Has financial loss been proved?
Loss of restaurant sales
  1. There are three main strands to the company’s claim that this is what happened. The first and main contention is that the damaging gist of the news release was republished in the news media and on social media, leading to “cancellations and the restaurant [being] noticeably less busy”, with an associated “very marked decrease” in “net sales” at the time of publication in January 2014 “with recovery thereafter”.
  2. The evidence establishes to my satisfaction, and it is indeed conceded, that the defendant’s news release caused or contributed to the publication of articles in the Evening Standard (hard copy and online) and in the online version of the Daily Mail. Those articles repeated the substance of what was said in the news release. The articles or their gist were in turn repeated in other, online, locations, via Twitter and Facebook, among other places. It is not disputed that republication of the gist of the news release was a reasonably foreseeable consequence of placing it on the website (regardless of whether the other document to which I have referred was issued by the defendant).
  3. I have also been persuaded that one consequence of the newspaper publications and their repetition was that some people decided to cancel reservations at the restaurant, and some spoke of boycotting it. But it is not shown that this caused any, or any serious loss of profit, or that any loss of profit flowed from the single paragraph complained of, or the defamatory sting that this is alleged to have conveyed about DTE London.

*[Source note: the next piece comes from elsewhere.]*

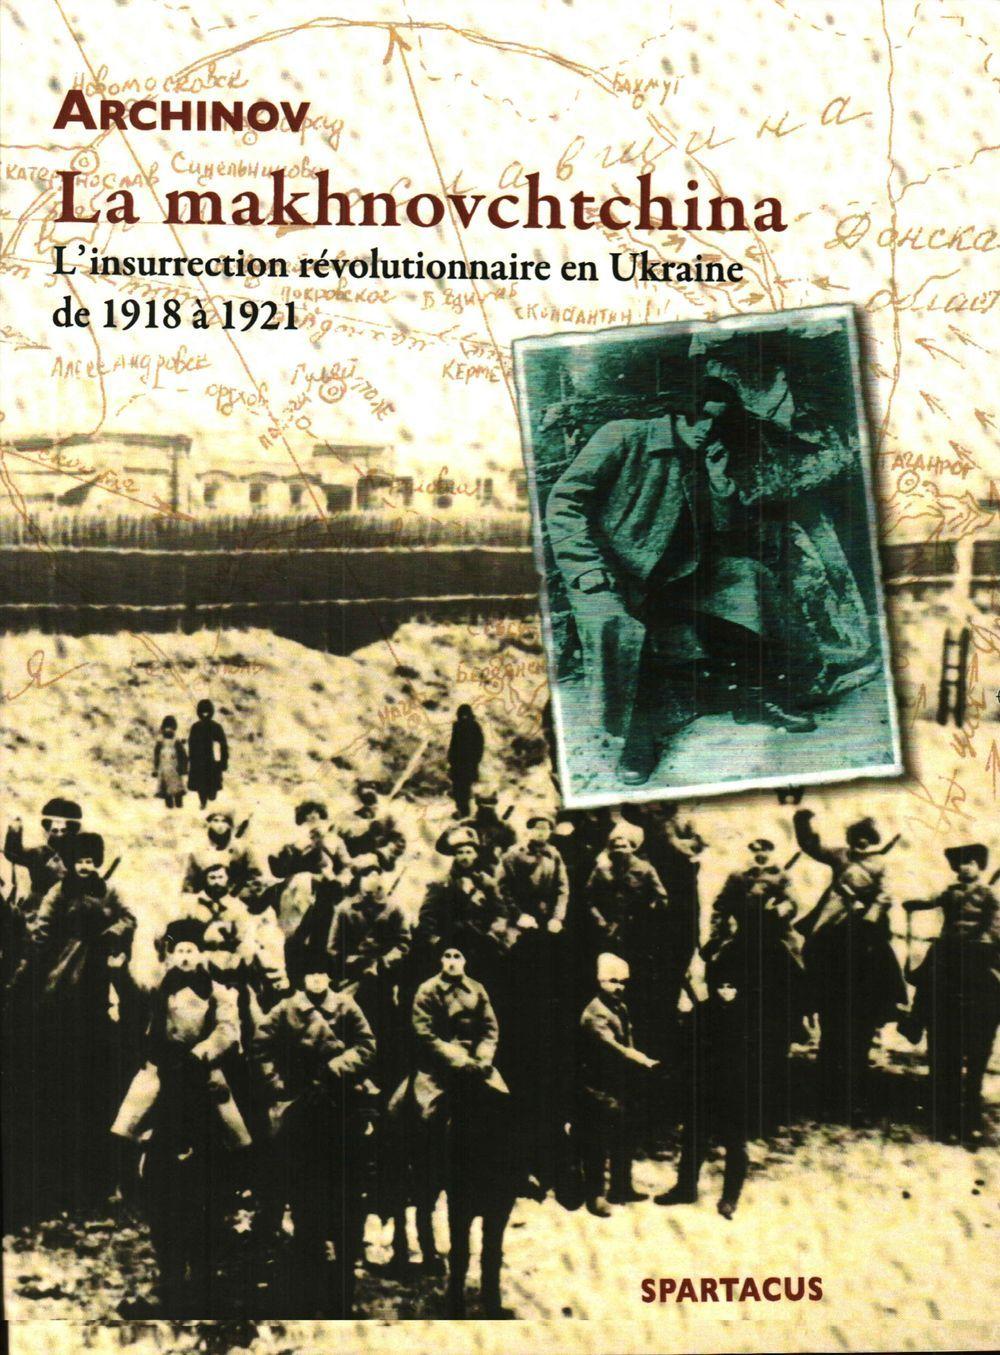 LA MAKHNOVCHTCHINA

  4. There are two aspects to this inquiry: has the company proved that (a) it suffered serious financial loss which was (b) caused by the imputation?
Serious financial loss?
  1. A good starting point is to ask whether the company has proved that its financial position worsened in January 2014, after the publication complained of, compared with its previous position. The company rests this aspect of its case on a “Net sales summary” prepared by its accountants, covering the period from January 2013 to December 2015. This is said to be based on the credit card receipts and cash banked by the restaurant. It is not clear what the sales are “net” of. It may be that the reference is to VAT. The document is inherently unhelpful, however, because it shows only revenues and tells me nothing at all about costs, or profits. Worse, for the critical month of January 2014 the figures in the summary do not purport to represent actual receipts for that month.
  2. The first claimant explained in his evidence that the liquidation of DTE Kensington meant that the restaurant’s credit card and other payment facilities needed replacement. This took some time. As a result, when the net sales summary was prepared the receipts for four months (September 2013 to January 2014) were totted up and divided by four, arriving at an average monthly figure of £15,220.10. Because the figure given for January 2014 is arrived at in this way it is impossible to carry out any meaningful comparison with the corresponding month in 2013. It is also impossible to compare it with any of the previous three months.

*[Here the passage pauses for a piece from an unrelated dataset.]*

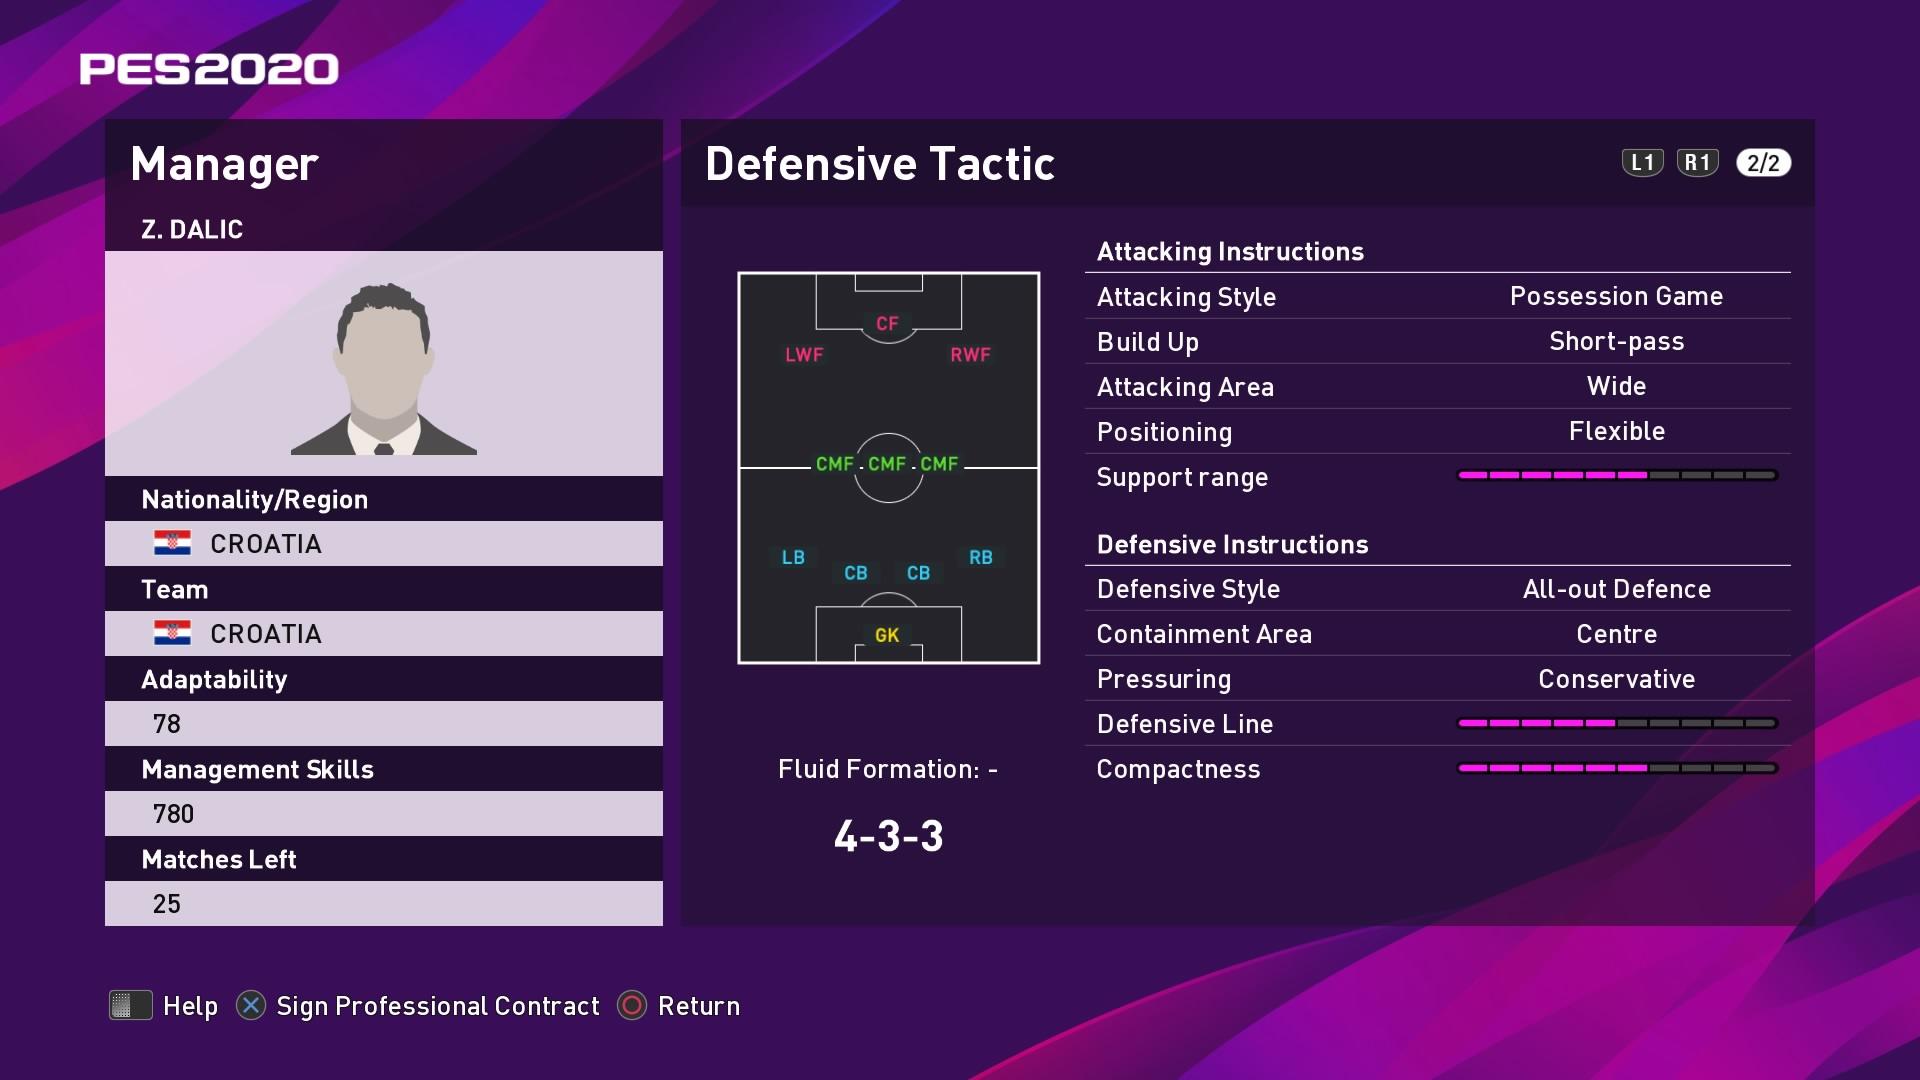 Z. Dalic (Zlatko Dalić) Defensive Tactic in PES 2020 myClub

  3. Faced with this point, Mr Mason directed my attention to some underlying documentation disclosed by the claimant, which includes a monthly “sales analysis” for January 2014 and similar documents for later months. These are stated on their face to be “extracted from VAT returns and bank.” The January 2014 total is £14,612, on which Mr Mason invited me to rely. However, not only is this approach in conflict with the first claimant’s oral evidence, the “sales analysis” figures for the following months do not agree with the figures for those months that are given in the “Net sales summary”. Some of the monthly totals are higher, some are lower. None are the same. The discrepancies are not vast, but they are unexplained. This undermines confidence in both documents.
  4. Moreover, a claimant can only recover damages for loss of profit (or increased losses). As Mr Wolanski has pointed out, it does not necessarily follow that a reduction in “net sales” translates into an equivalent, or any, loss of profit or increased loss. Not all costs are fixed. In the restaurant business many costs may be highly variable according to turnover. I cannot derive profit figures from the company’s accounts. It has yet to file accounts, and the first claimant’s evidence was that it “cannot” do so until 9 months after its financial year end. If draft accounts exist, I have not been shown them. The evidence suggests, unsurprisingly, that the company does do some P&L calculations. Mr de Souza told me that although he had not seen tax returns he had seen spreadsheets which contained some form of “primitive profit and loss calculations”. But no such documents were produced in evidence, or even disclosed.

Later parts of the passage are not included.